Transcribe the whole listing exactly, but do not carry over its pictures.

═══ Data segment ═══

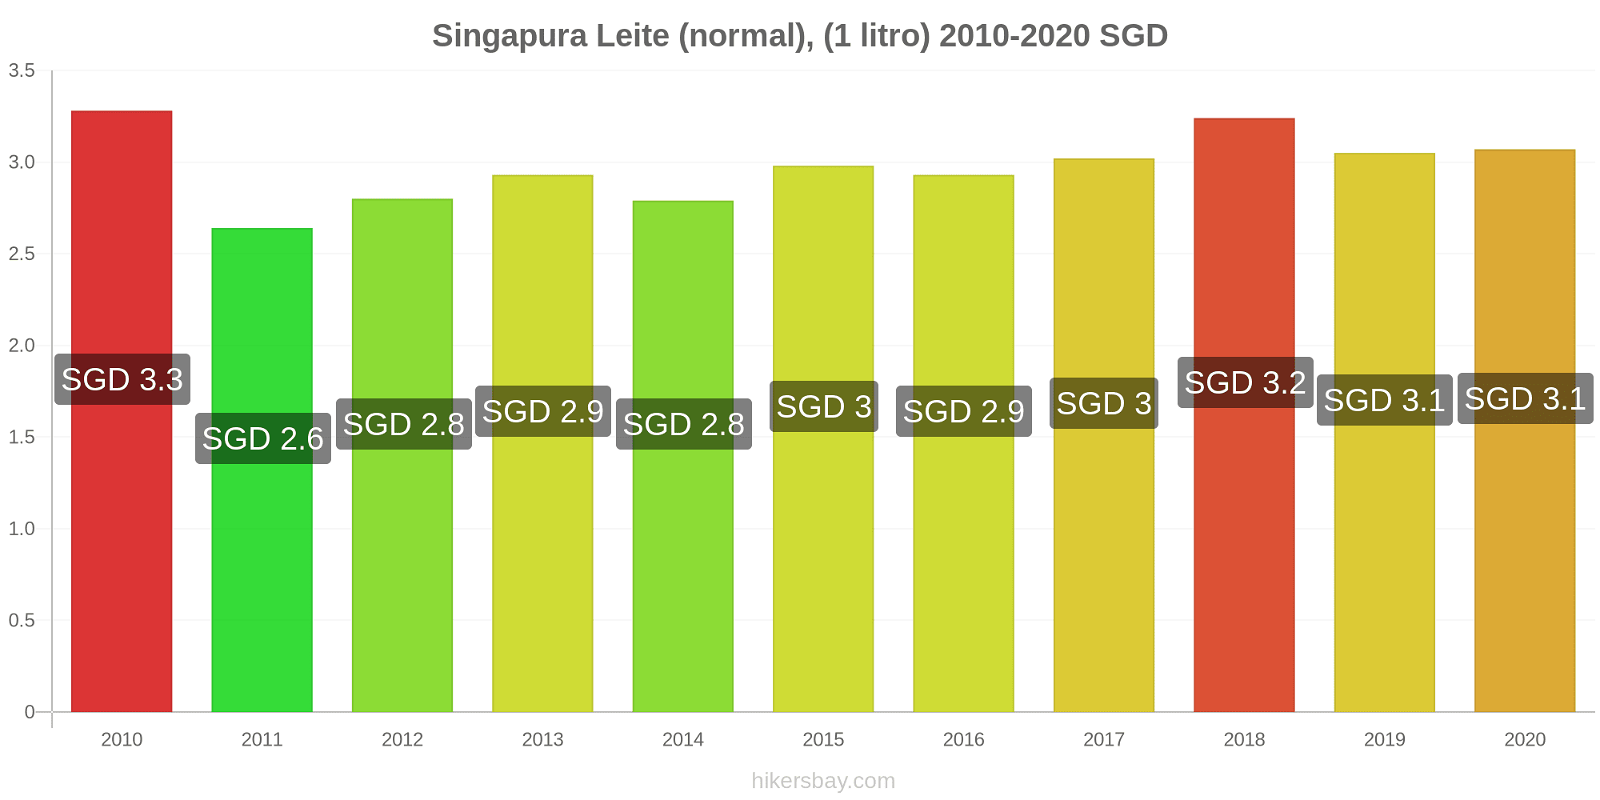 Singapura variação de preço (Regular), leite (1 litro) hikersbay.com
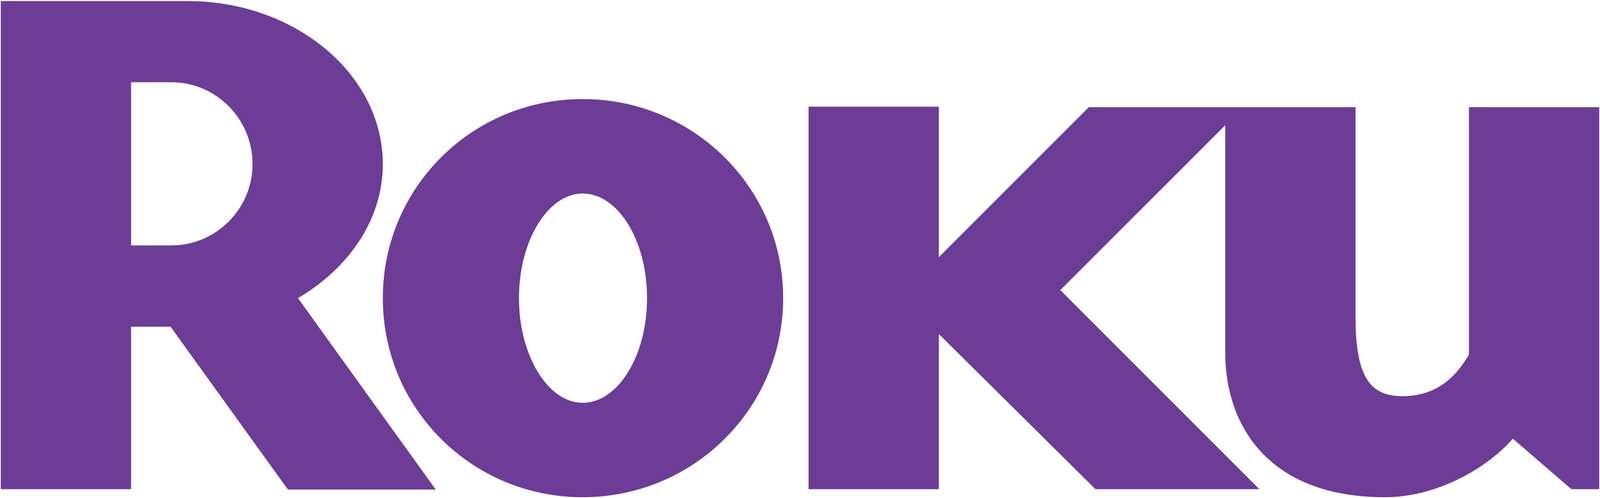 Roku-logo legpuzzel online
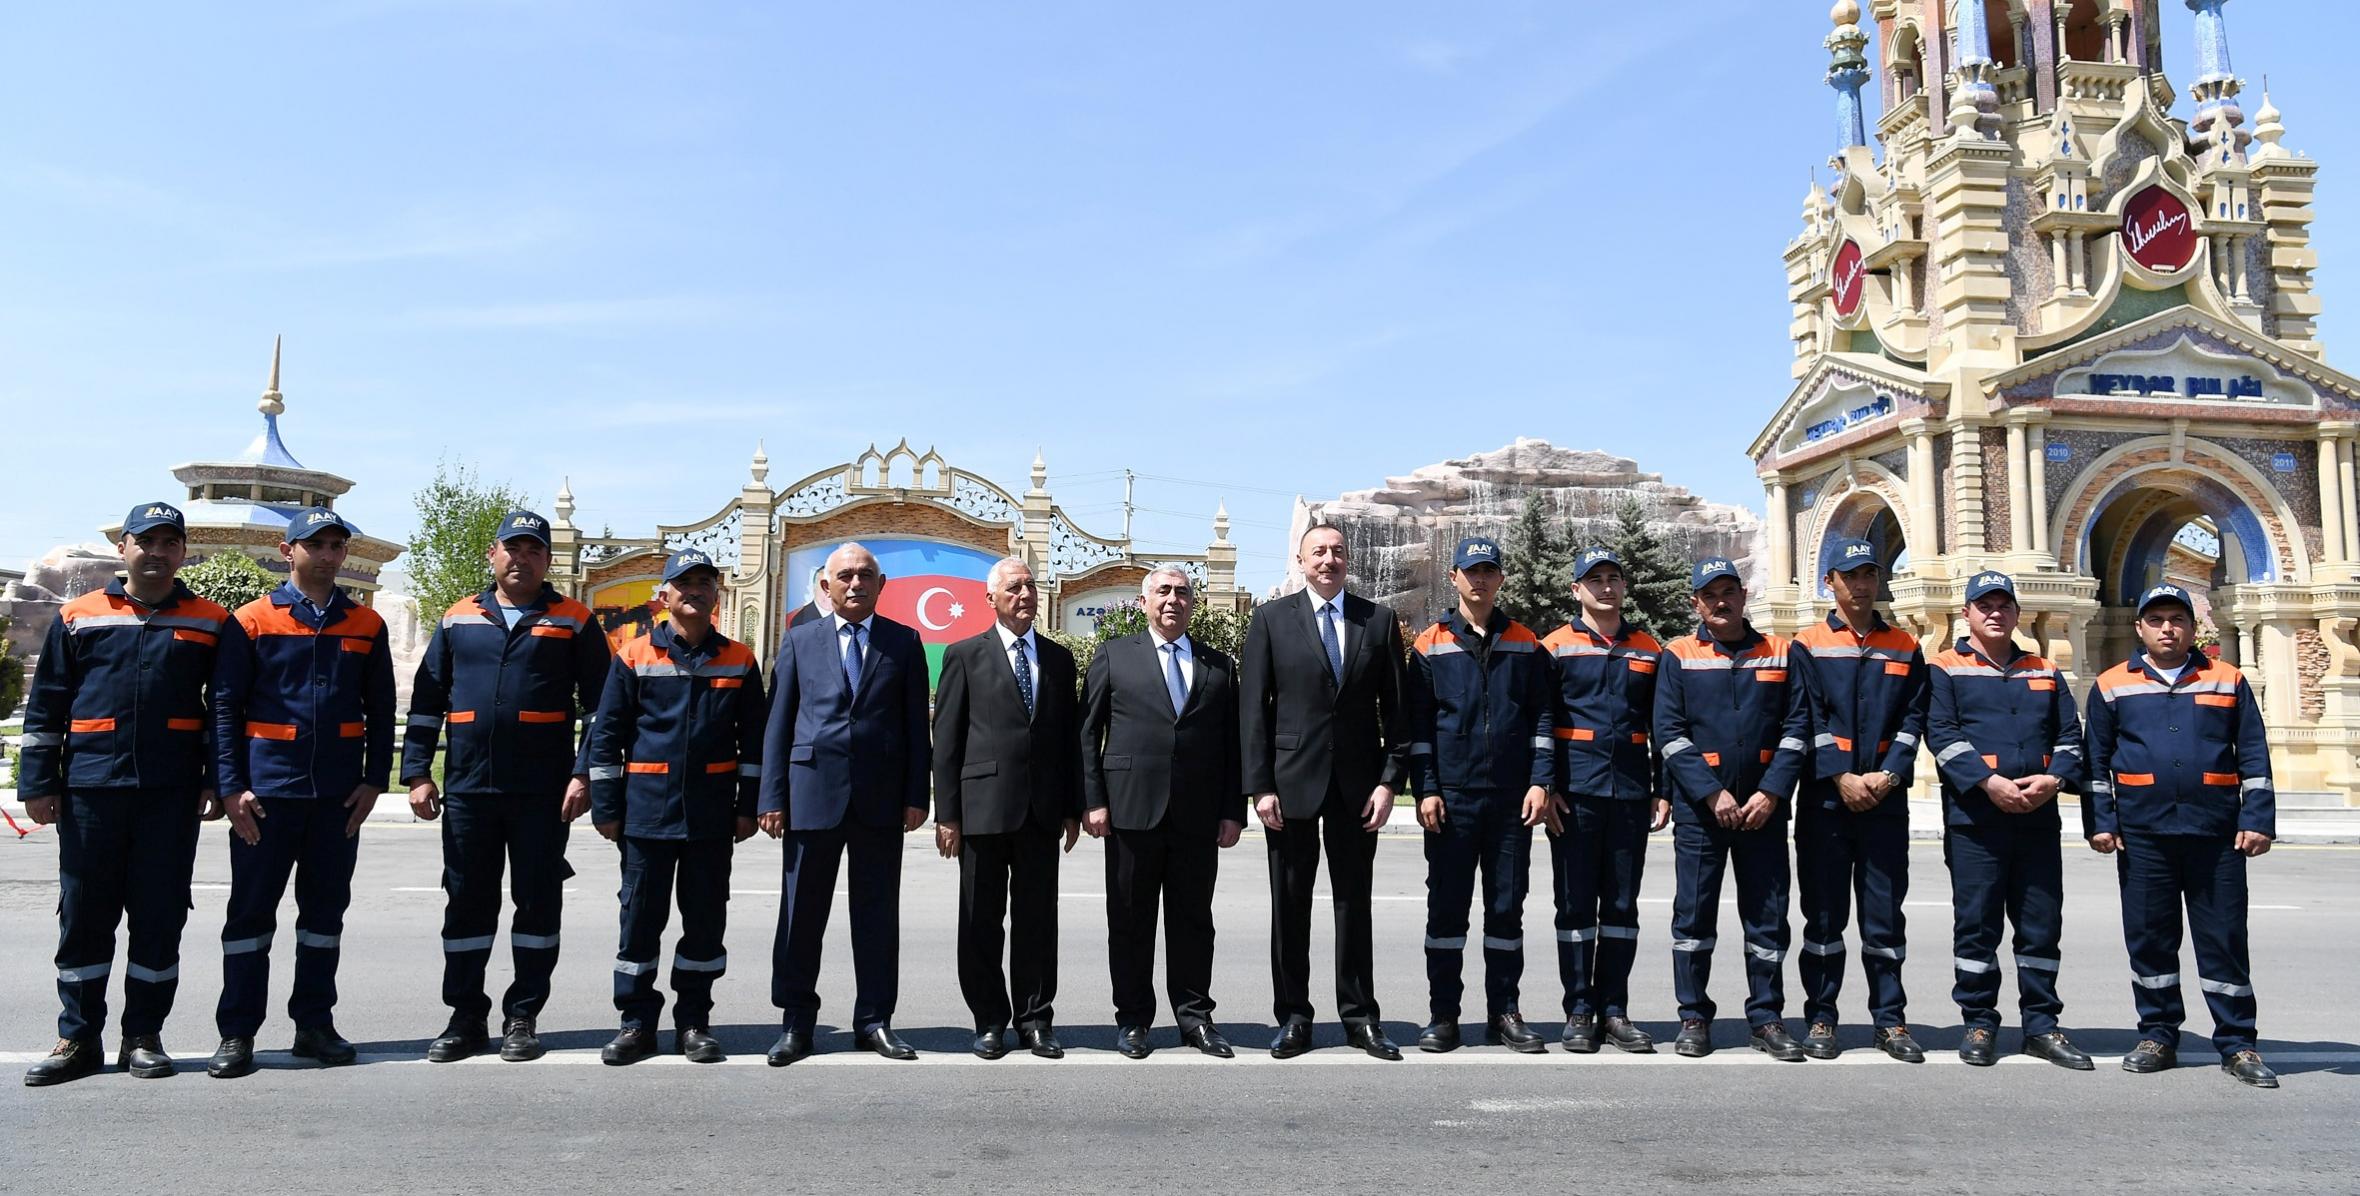 Ильхам Алиев принял участие в открытии 24-километровой части автомобильной дороги Хачмаз-Худат после реконструкции и восстановления

═══

Your solution:
 Singapura variação de preço (Regular), leite (1 litro) hikersbay.com
 Roku-logo legpuzzel online
 Ильхам Алиев принял участие в открытии 24-километровой части автомобильной дороги Хачмаз-Худат после реконструкции и восстановления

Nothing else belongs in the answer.